Alors j'ai sollicité ma mairie et tout mon réseau pour organiser une cleanwalk. Je me suis inscrite comme bénévole à la maison des associations de ma ville. Je me suis noté les dates d'examen pour le DELE (diplôme d'espagnol) dans mon agenda. J'ai repris contact avec des amis perdus de vue. J'ai compris que je voulais vivre des choses, et que c'était à moi de me sortir les doigts pour rendre ces choses possibles parce que personne d'autre ne le ferait à ma place.


Je ne subis plus le chômage

Mon état d'esprit a beaucoup évolué ces deux derniers mois. Bien entendu que j'espère me sortir du chômage rapidement, et bien sûr je continue de postuler régulièrement. Mais je ne subis plus le chômage. Je le remercie pour tout le temps qu'il m'offre et ce que cela me permet d'accomplir.

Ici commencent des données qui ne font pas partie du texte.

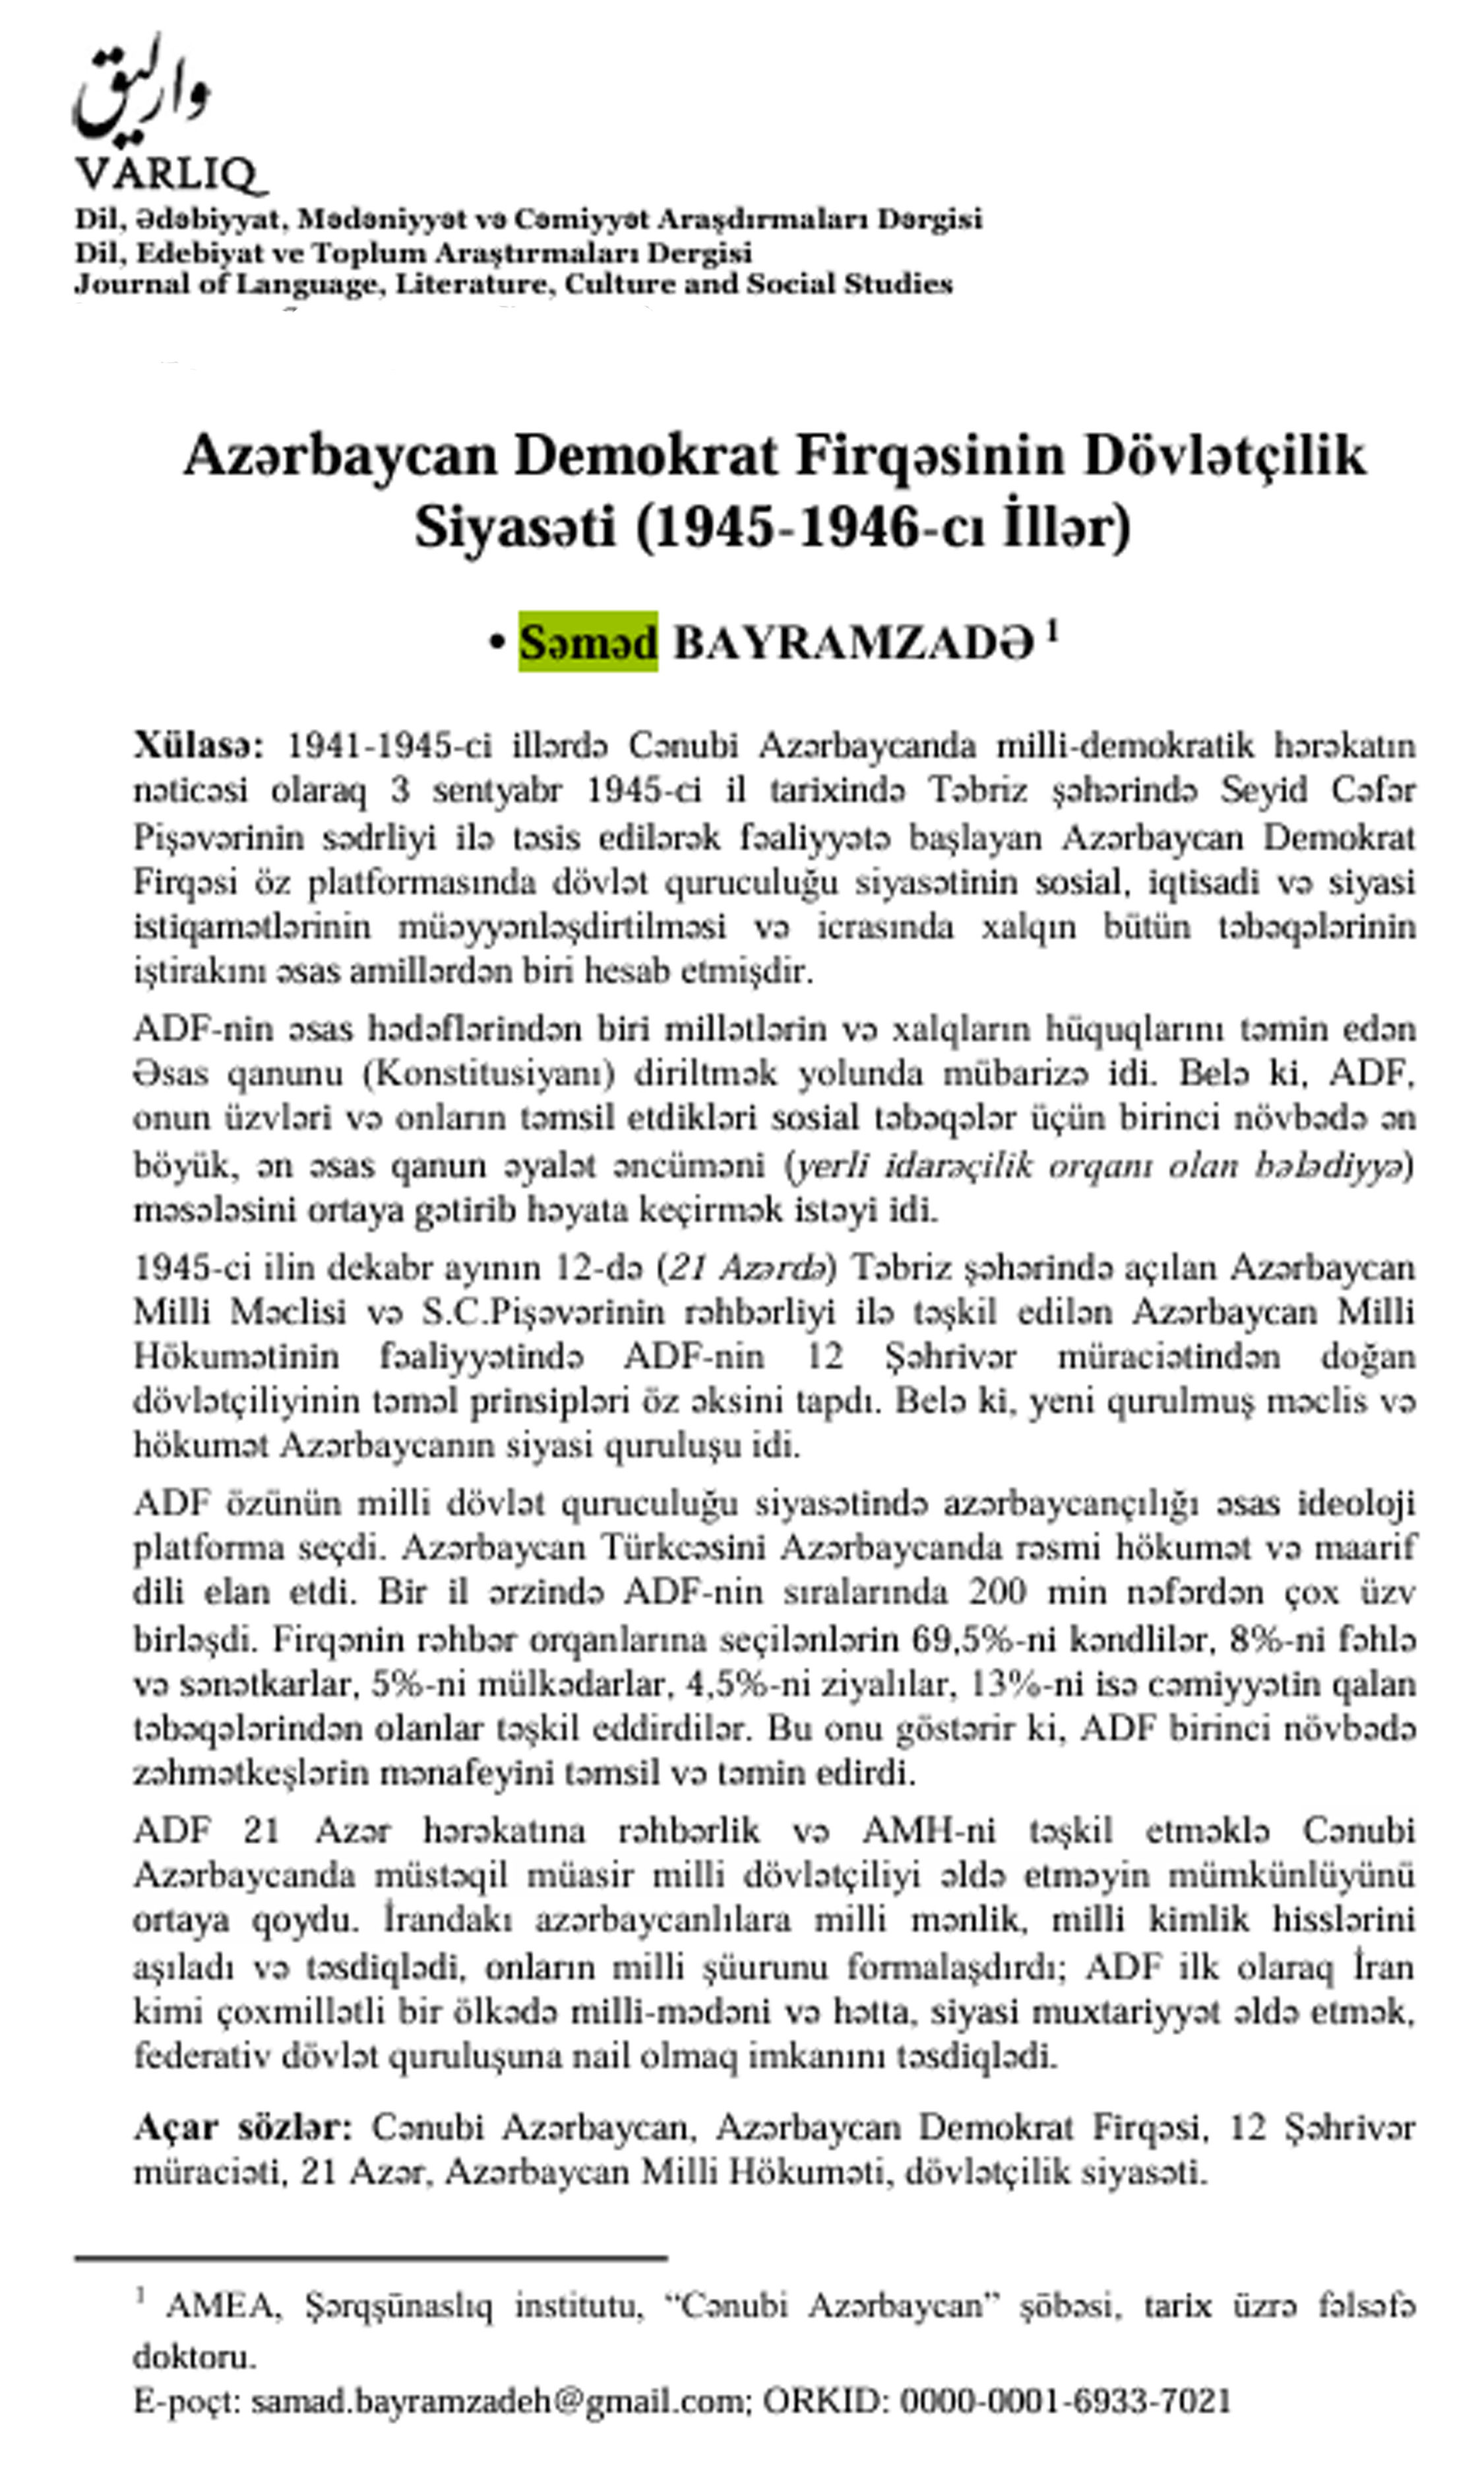 Şərqşünas alim “Varlıq” dərgisində Azərbaycan Demokrat Firqəsinin dövlətçilik siyasətindən yazıb
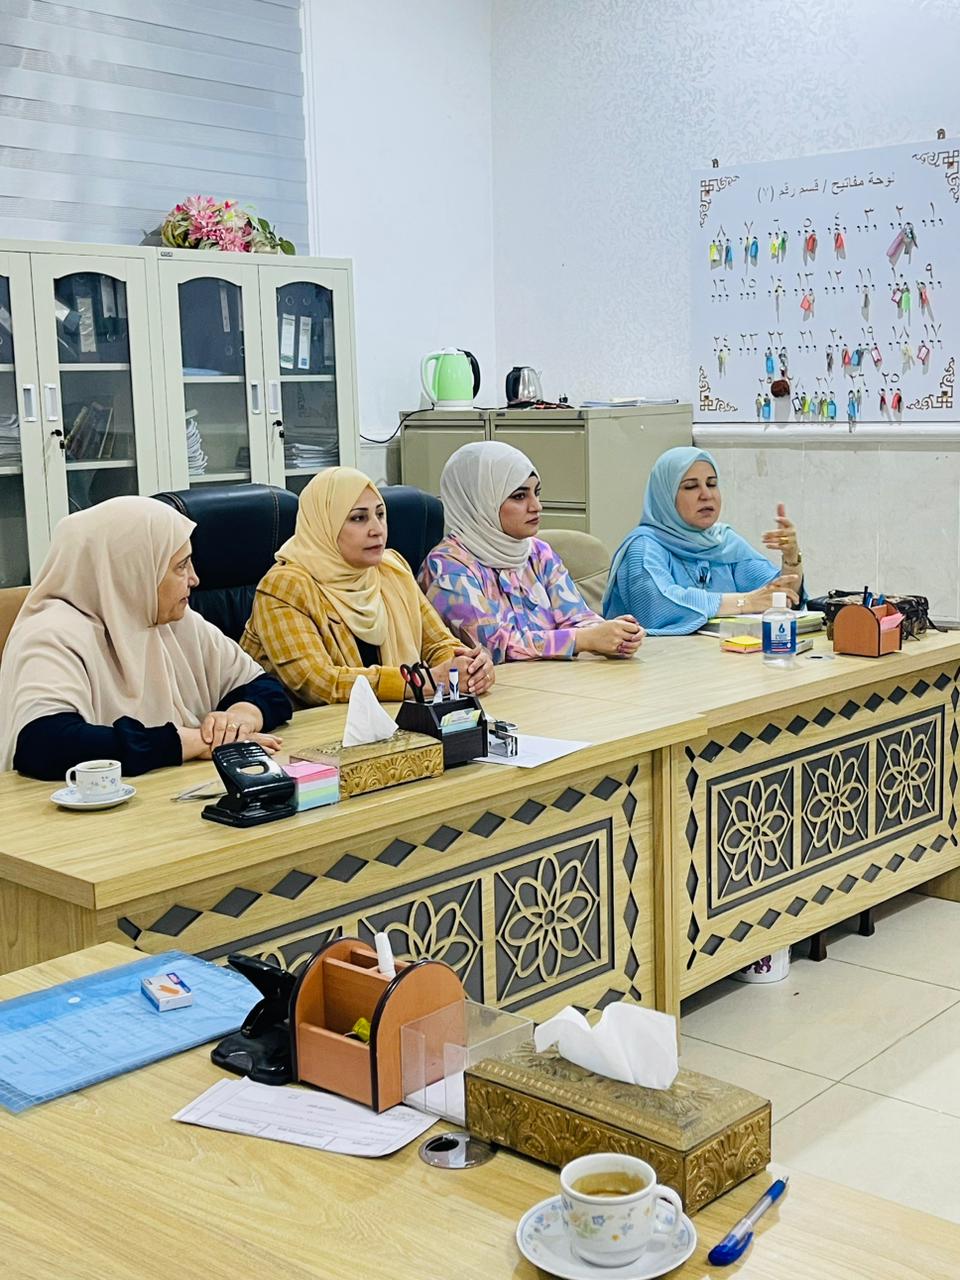 مسؤولة وحدة شؤون المرأة مع لجنة الاشراف على الاقسام الداخلية في كلية الطب تزور المجموعة الطبية
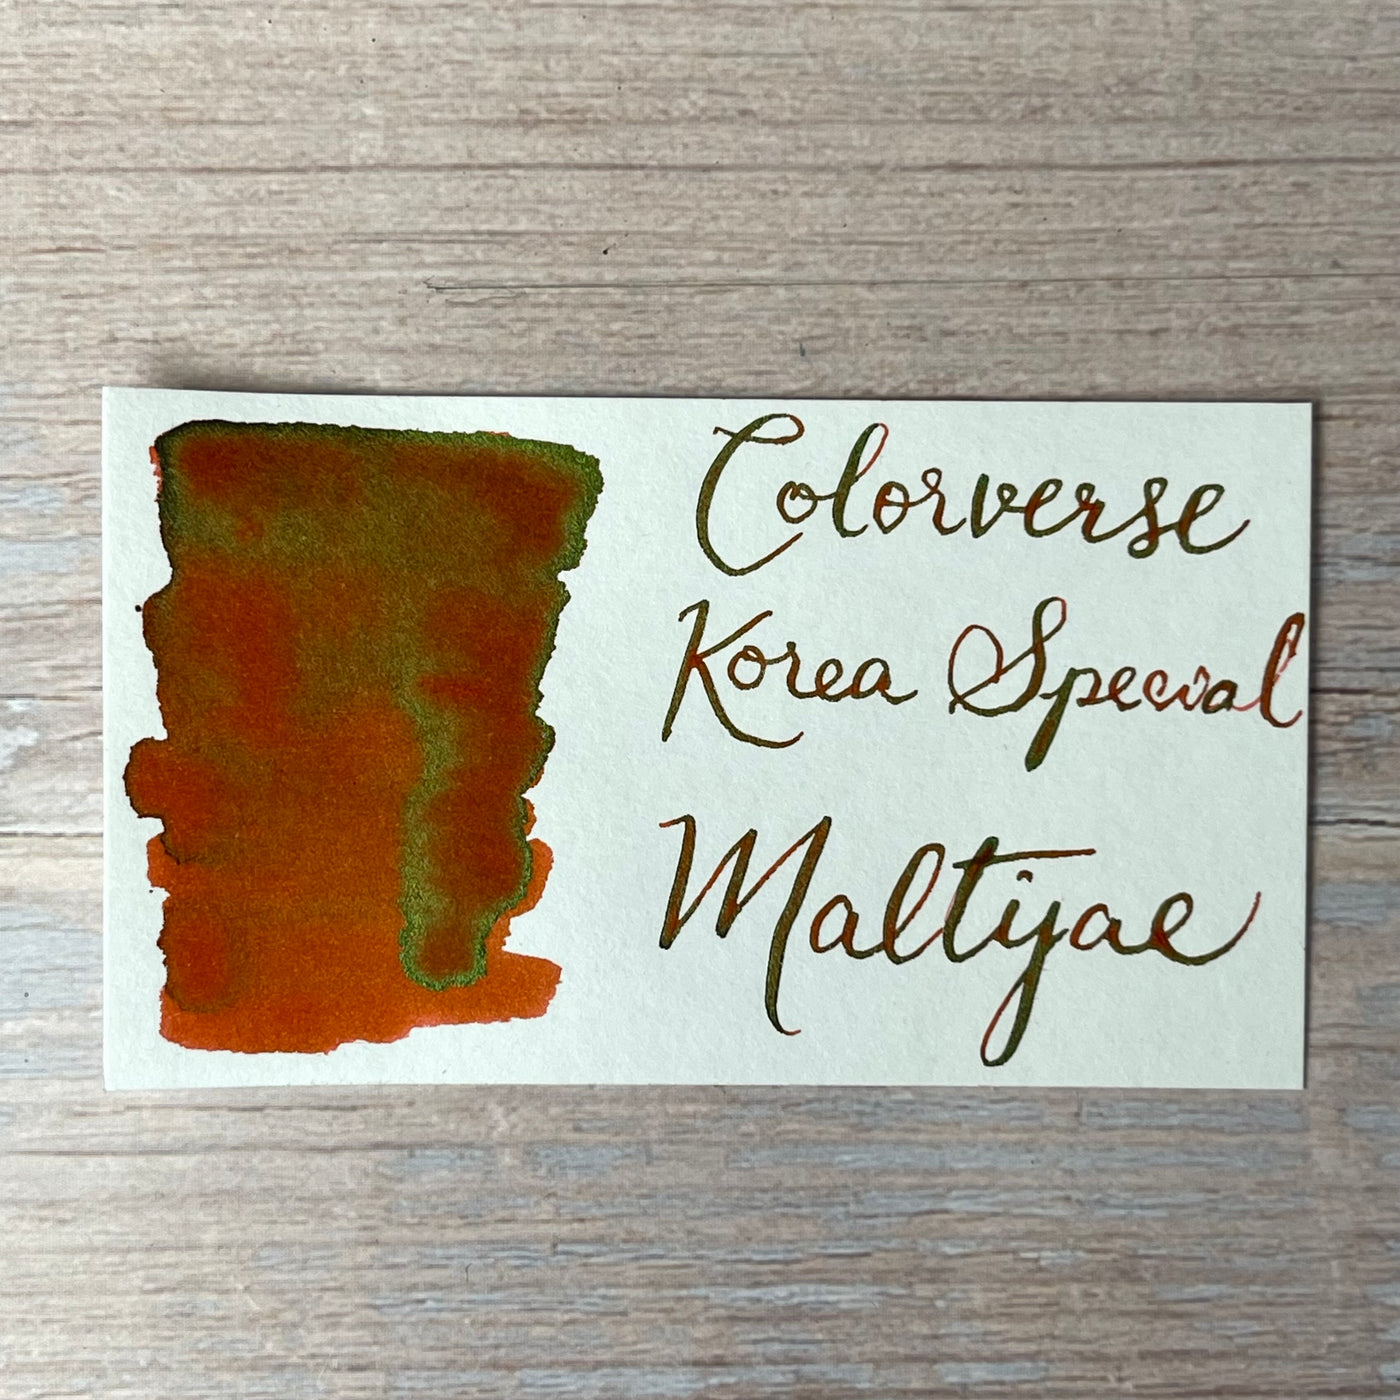 Colorverse 15ml Korea Special Bottled Ink - Maltijae

Surtout, ce temps qui m'est offert me permet de réfléchir. De prendre du recul sur de nombreux sujets. Et je peux affirmer que c'est dans ma situation de chômage actuelle que je suis plus reconnaissante que je n'aie été de toute ma vie. Je me rends compte de la chance que j'ai de pouvoir seulement écrire ces lignes, et j'y consacrerai un prochain article car il y a beaucoup à dire.

Croyez en vos rêves, et à vous de leur donner vie.